I just discovered the source of my slowdown. I had tracing enabled in my SQLNET.ORA configuration file! Without that in place I see that the fetch as LOB is significantly slower than the fetch as STRING (with the output type handler). The difference is more dramatic for smaller LOB sizes but it is still present even at large sizes. Maybe check to see if tracing is enabled for you, too?

sinys15 commented 3 years ago

I don't have SQLNET.ORA on client (I use instant client) and SQLNET.ORA on the server don't have any TRACE parameters.

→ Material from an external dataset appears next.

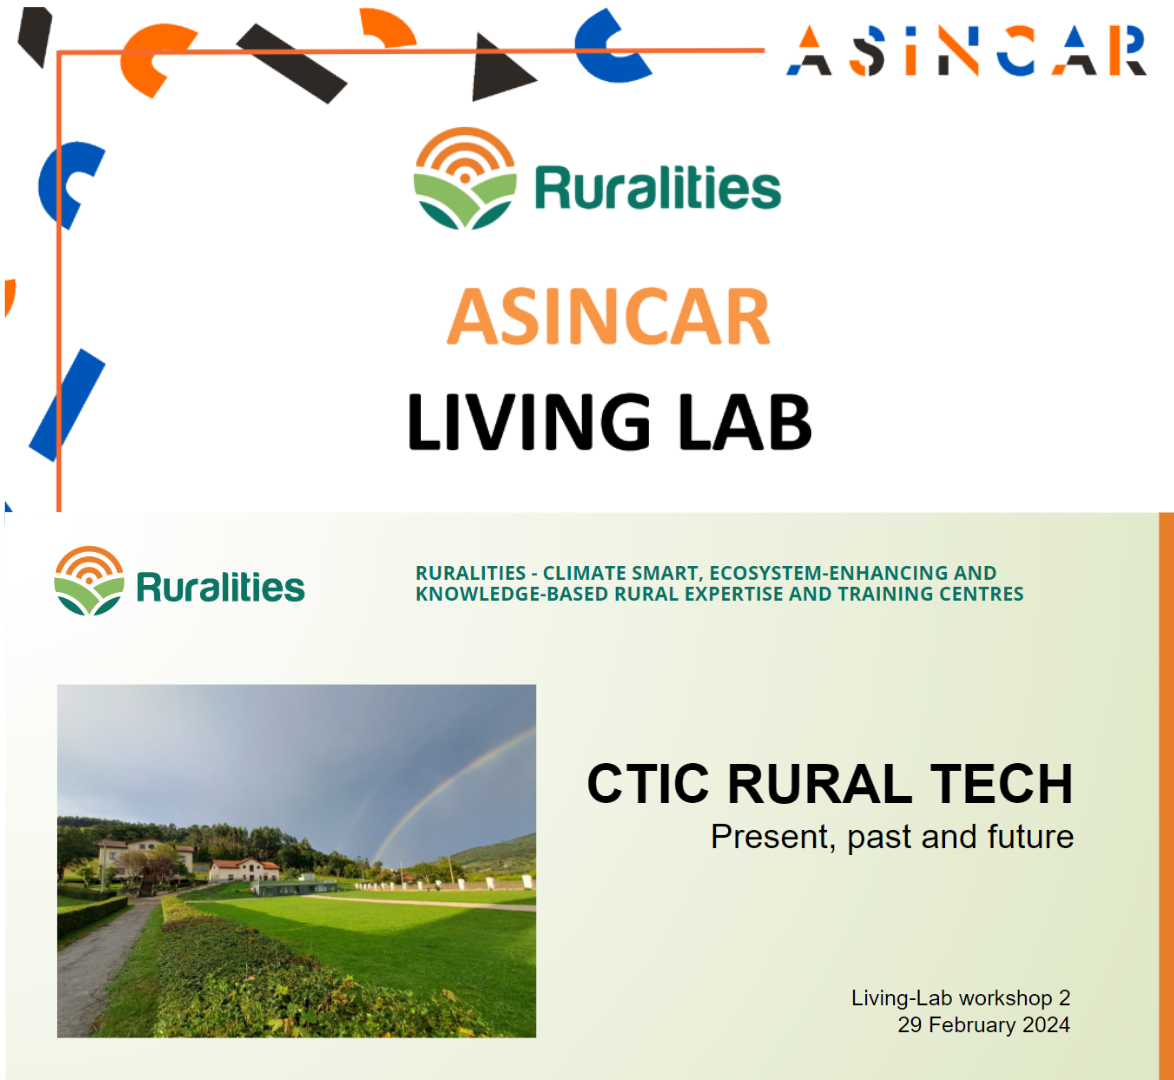 Recap of the Second Online Living Labs Workshop on Asturias Living Labs

anthony-tuininga commented 3 years ago

Ok. I reran your exact test and I am seeing approximately twice the performance when using the output type handler (using a database that is remote to the client but on the same network, as well as when using a database on the same machine as the client). I'm not sure why you're not seeing the same behavior. Its worth noting that on my machine I am seeing times of approximately 90 ms for reading the LOB and about 40 ms for using the output type handler (when using the remote database) and about 40 ms for reading the LOB and 10-15 ms for using the output type handler (when using a local database). Your numbers indicate your database/client is 10-15x slower! It might be worth setting the environment variable DPI_DEBUG_LEVEL to the value 4 before running your test cases and examining the output to see if there is some call in particular that is using a lot of time. If the call to dpiStmt_execute() or dpiStmt_fetchRows() is the one taking a lot of time, you can also set DPI_DEBUG_LEVEL to 36. This will take note of the memory allocations. When tracing was enabled for me I was seeing about 15-20 ms between successive memory allocations (when using the output type handler). There should be no (noticeable) time between successive memory allocations.

stale[bot] commented 3 years ago

This issue has been automatically marked as inactive because it has not been updated recently. It will be closed if no further activity occurs. Thank you for your contributions.

stale[bot] commented 3 years ago

This issue has been automatically closed because it has not been updated for a month.